Apple chief executive Tim Cook has hinted that the company may be willing to end the series of punishing patent disputes going on in courtrooms across the globe.
During the company's latest financial presentation, Cook told analysts and journalists that he would prefer to reach a settlement than continue fighting.
“If we could get to some kind of arrangement where we could be assured that's the case – a fair settlement had occurred – I'd highly prefer to settle versus battle,” he said.
That statement contrasts sharply with the promise from Apple's previous chief executive, the late Steve Jobs, to launch “thermonuclear war” on the Android platform.
"I've always hated litigation," Cook said.

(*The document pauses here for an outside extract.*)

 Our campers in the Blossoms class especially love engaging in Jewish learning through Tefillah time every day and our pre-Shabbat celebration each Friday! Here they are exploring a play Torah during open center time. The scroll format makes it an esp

Nevertheless, patent lawyers need not lose too much sleep over any imminent outbreak of peace. Cook added that part of his definition of a “fair settlement' included being satisfied that competitors were not stealing Apple's ideas.
“The key thing is that Apple not become the developer for the world. We need people to invent their own stuff,” he said.

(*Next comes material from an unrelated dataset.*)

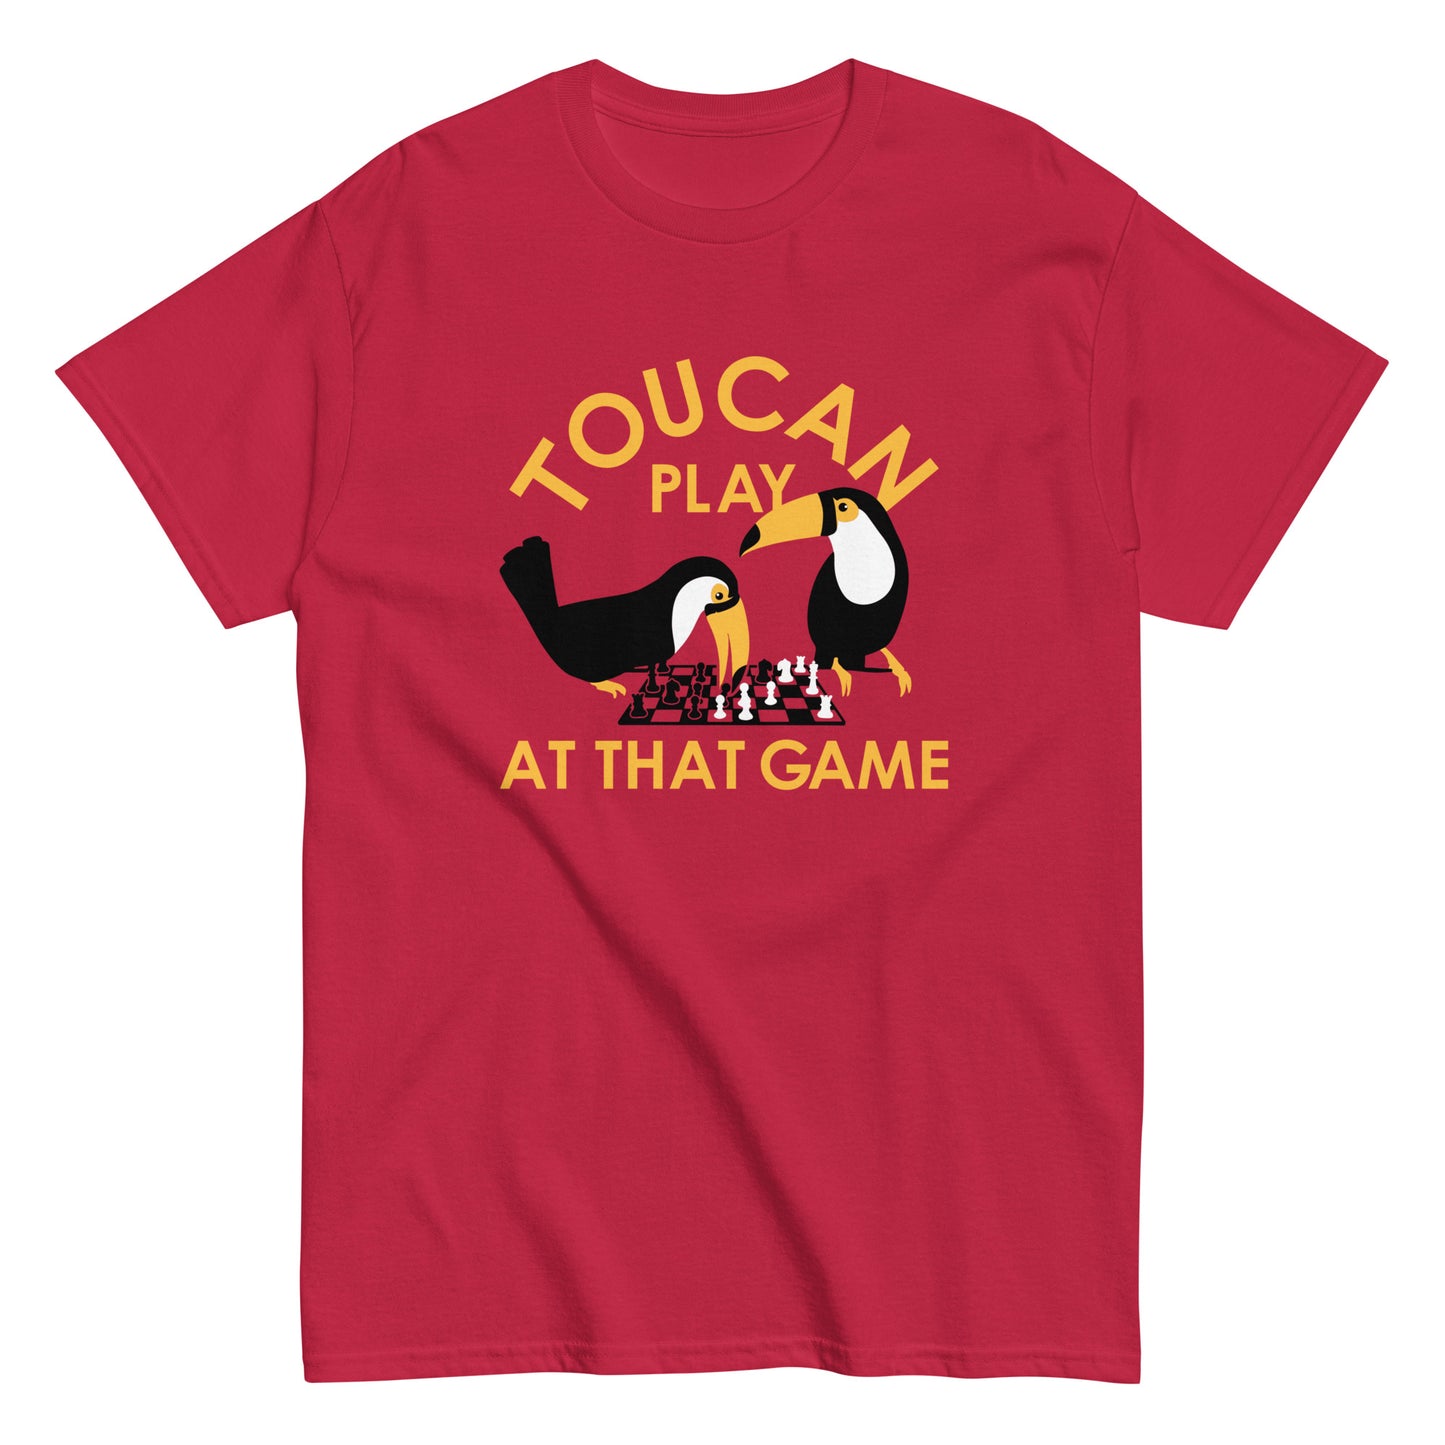 Toucan Play At That Game Men's Classic Tee

Apple's new-found openness to settling patent disputes will get its first test within the next three months.
Last week, a US court ordered Cook and his lawyers to meet with representatives from Samsung, in a bid to settle a patent-related dispute before the case goes to a full trial.
Apple is engaged in a series of patent disputes with HTC, Samsung and Motorola Mobility in various countries across the globe.